-------- DATA FOR THIS EXERCISE

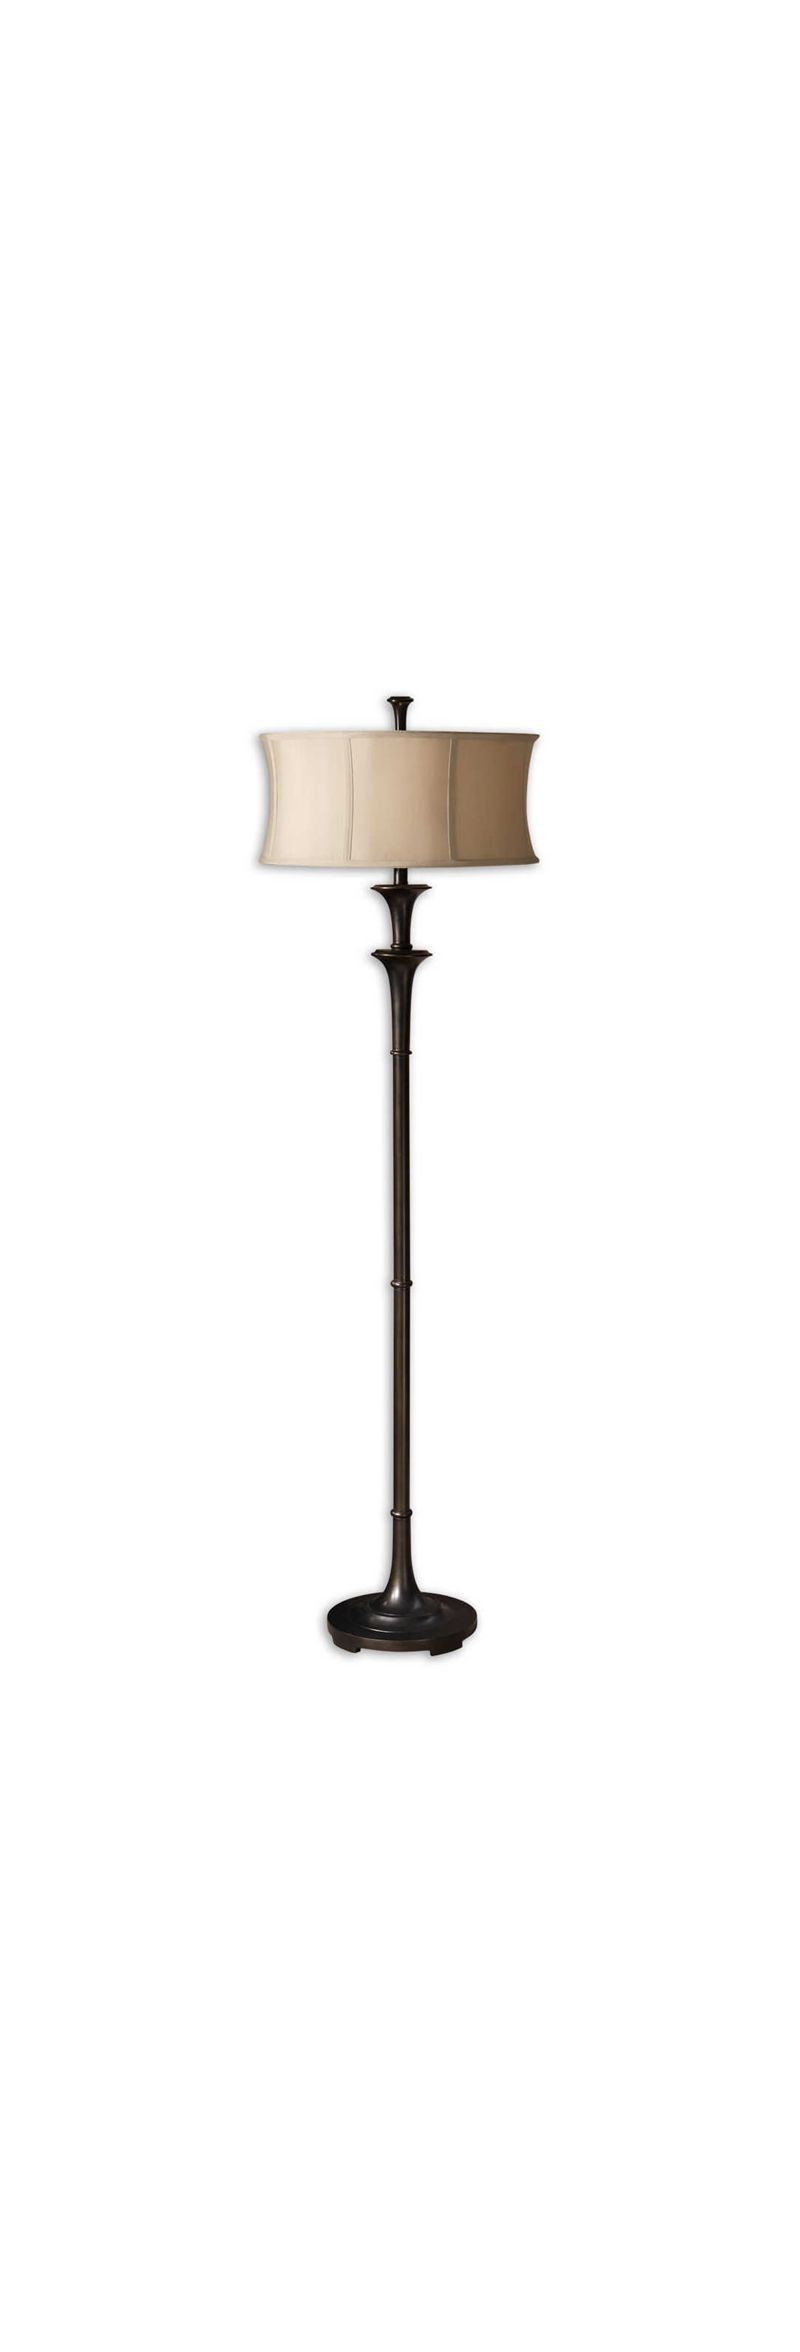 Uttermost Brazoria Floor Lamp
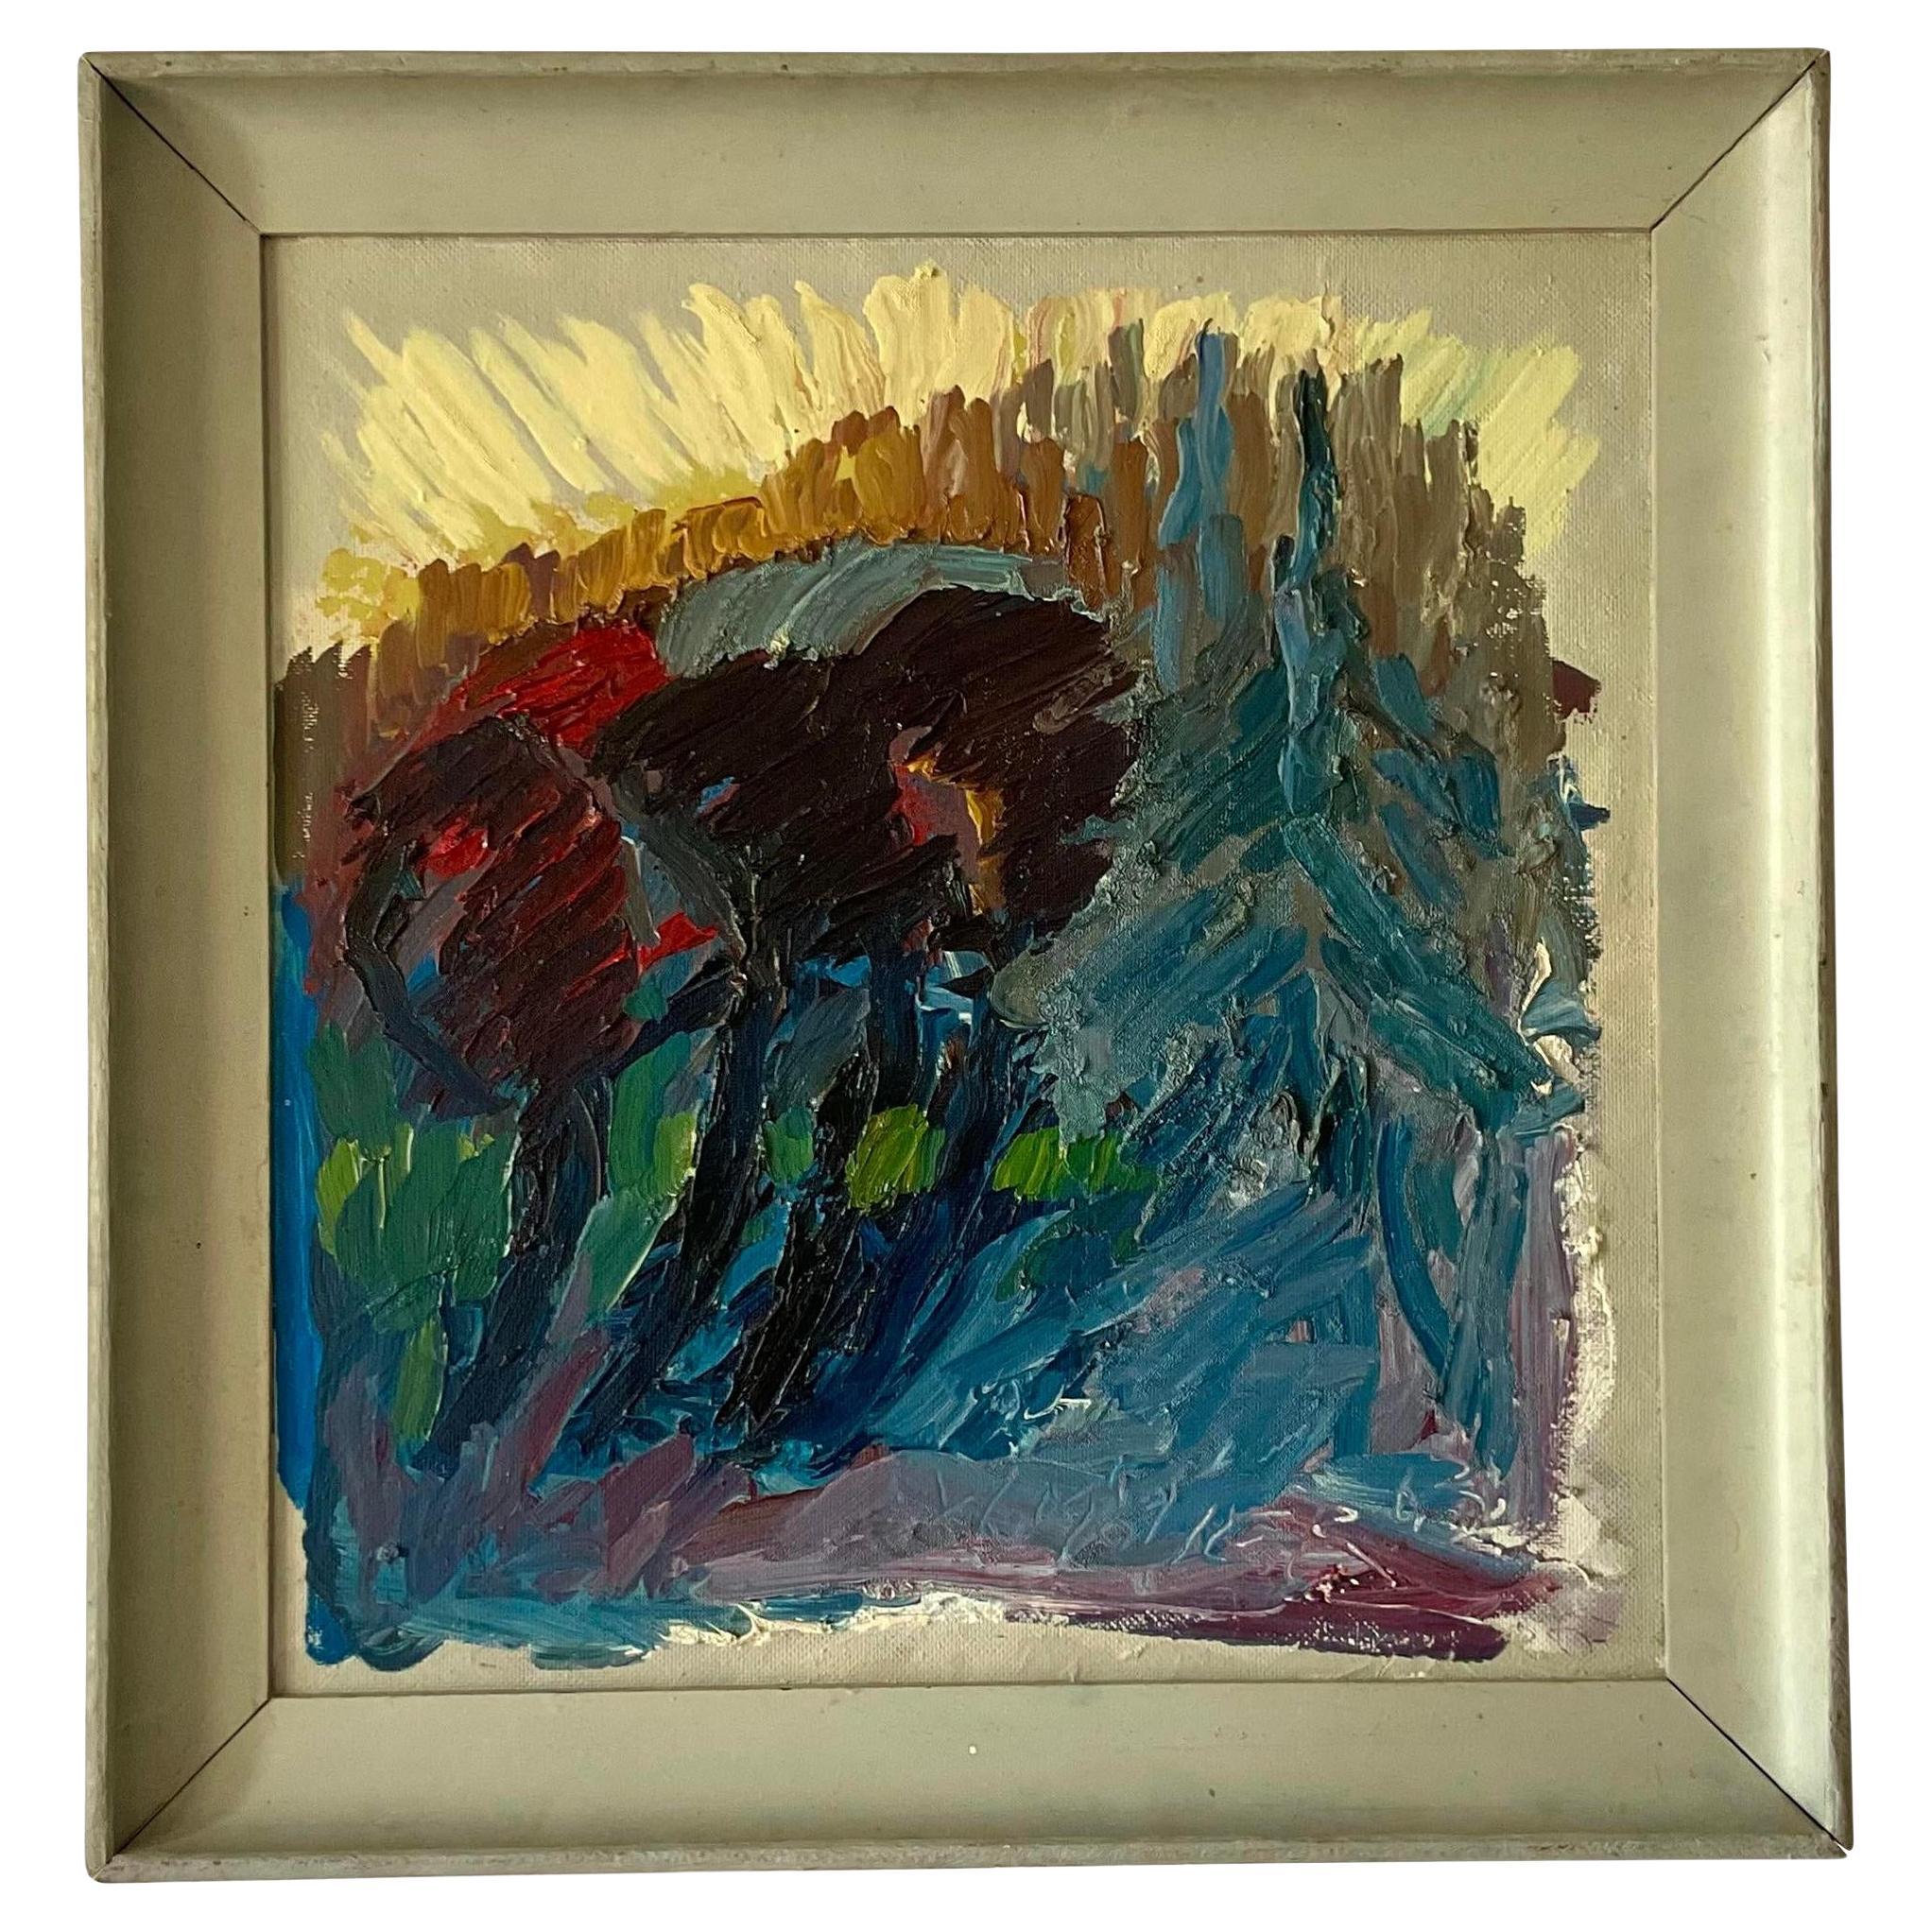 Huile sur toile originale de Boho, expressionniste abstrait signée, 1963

----------------
-------- DATA FOR THIS EXERCISE

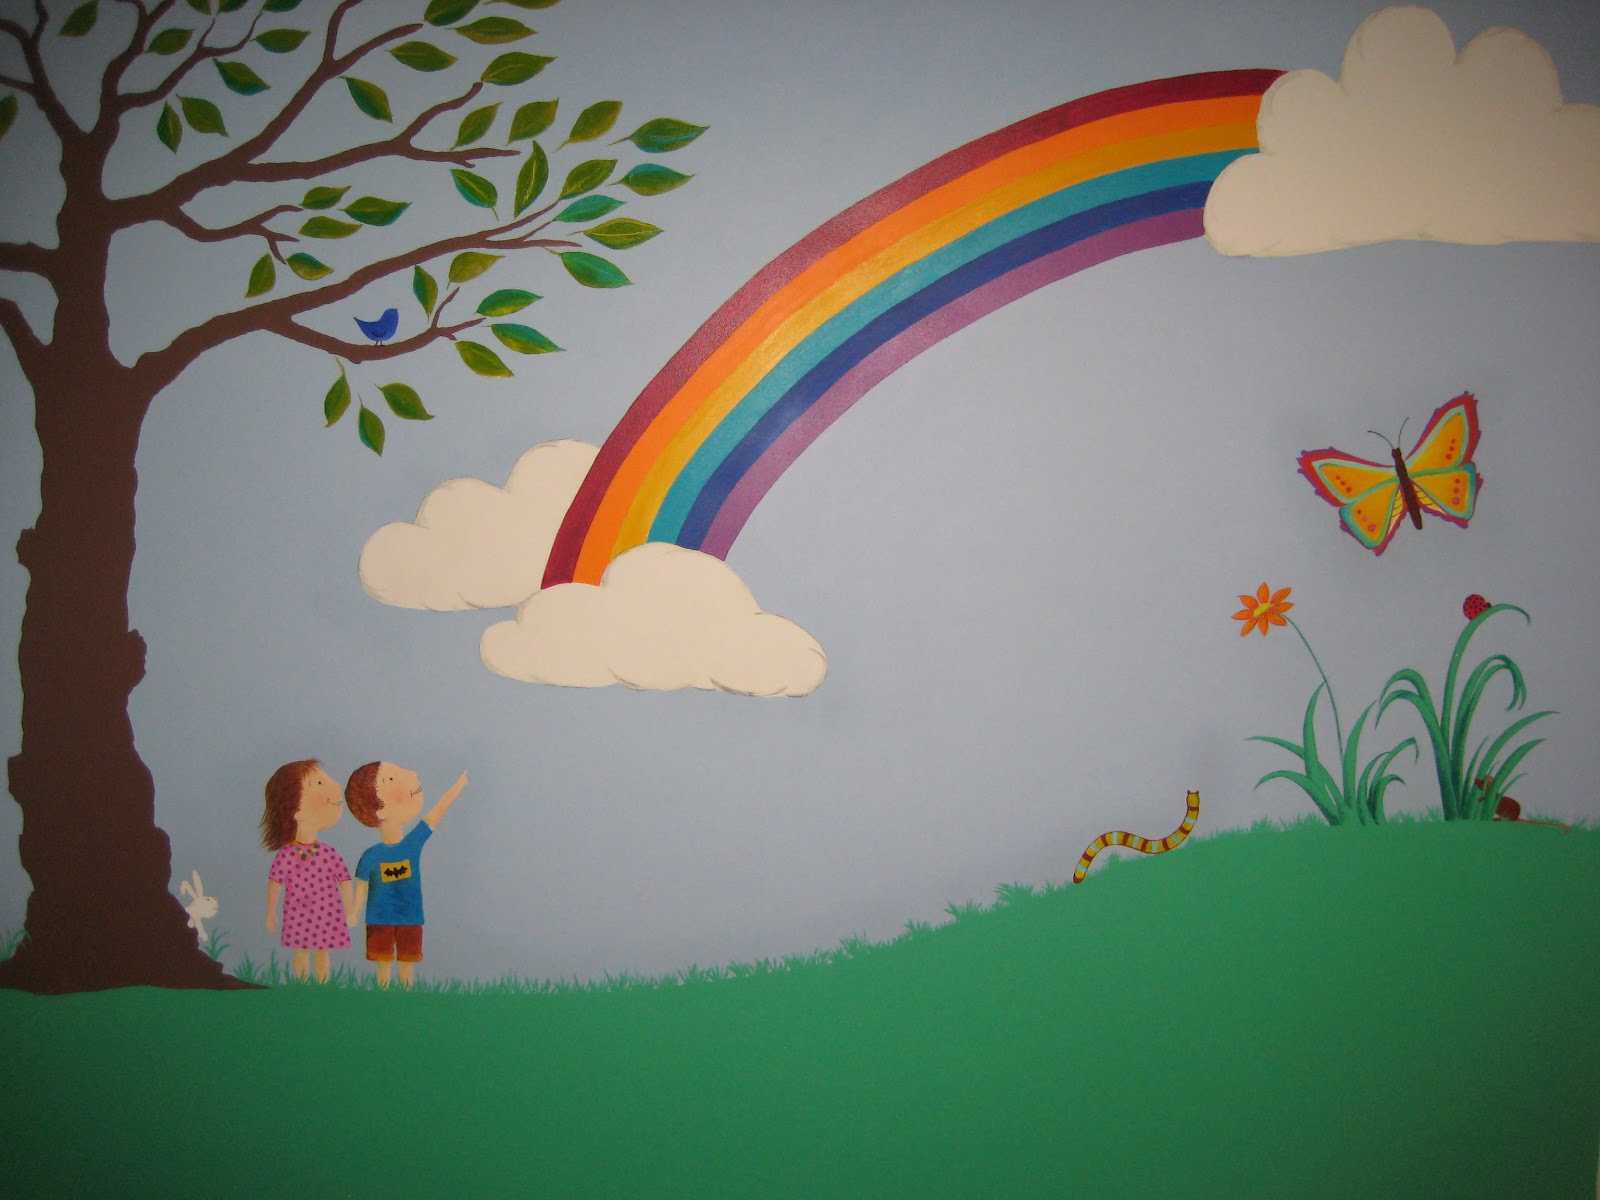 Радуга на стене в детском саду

----------------
-------- DATA FOR THIS EXERCISE

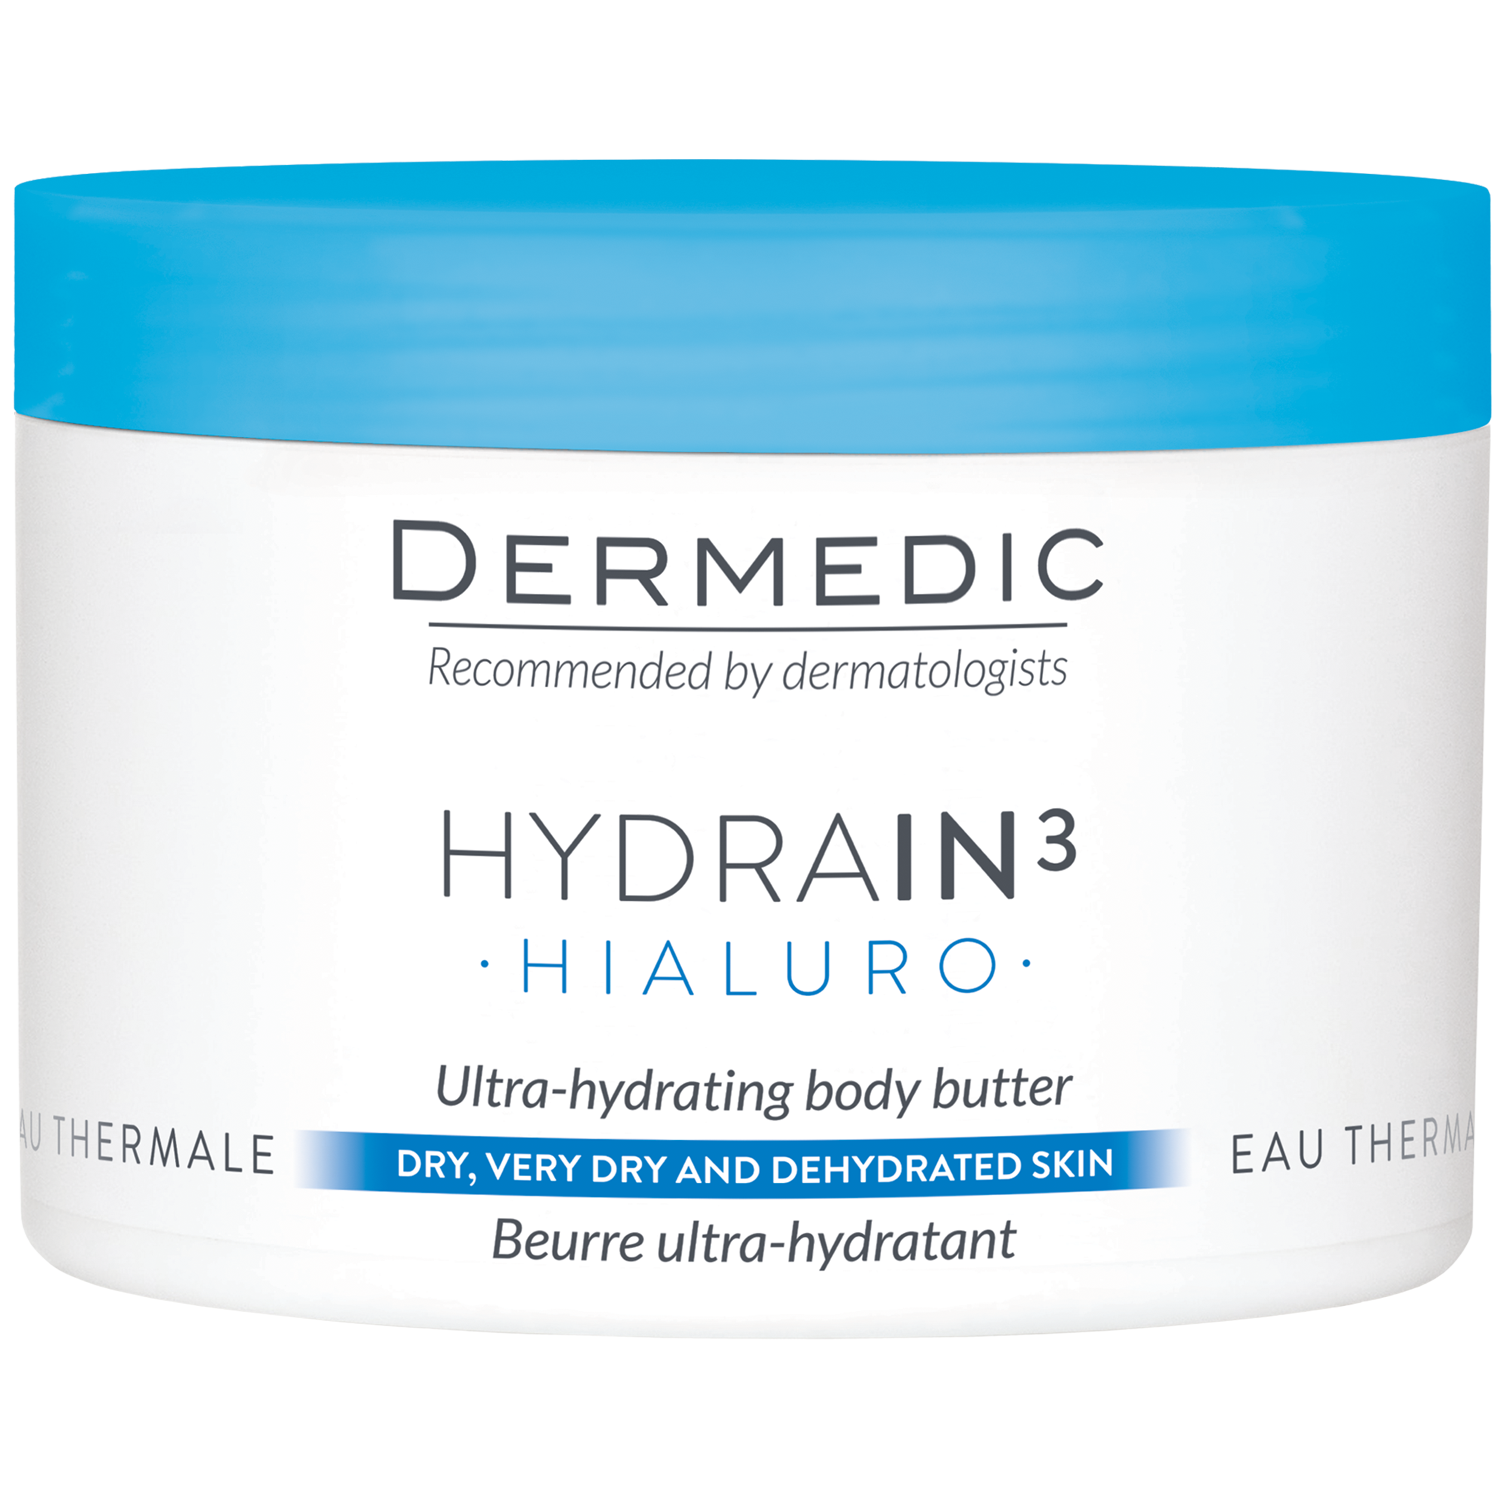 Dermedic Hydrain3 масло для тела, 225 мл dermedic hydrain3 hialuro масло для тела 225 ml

----------------

WHAT IS NEEDED: In the listing above, find the line containing "Uttermost Brazoria Floor Lamp" and the line containing "Huile sur toile", then output those two lines and everything between them exactly as written, without the images.

OUTPUT FOR THIS EXERCISE:
 Uttermost Brazoria Floor Lamp
 Huile sur toile originale de Boho, expressionniste abstrait signée, 1963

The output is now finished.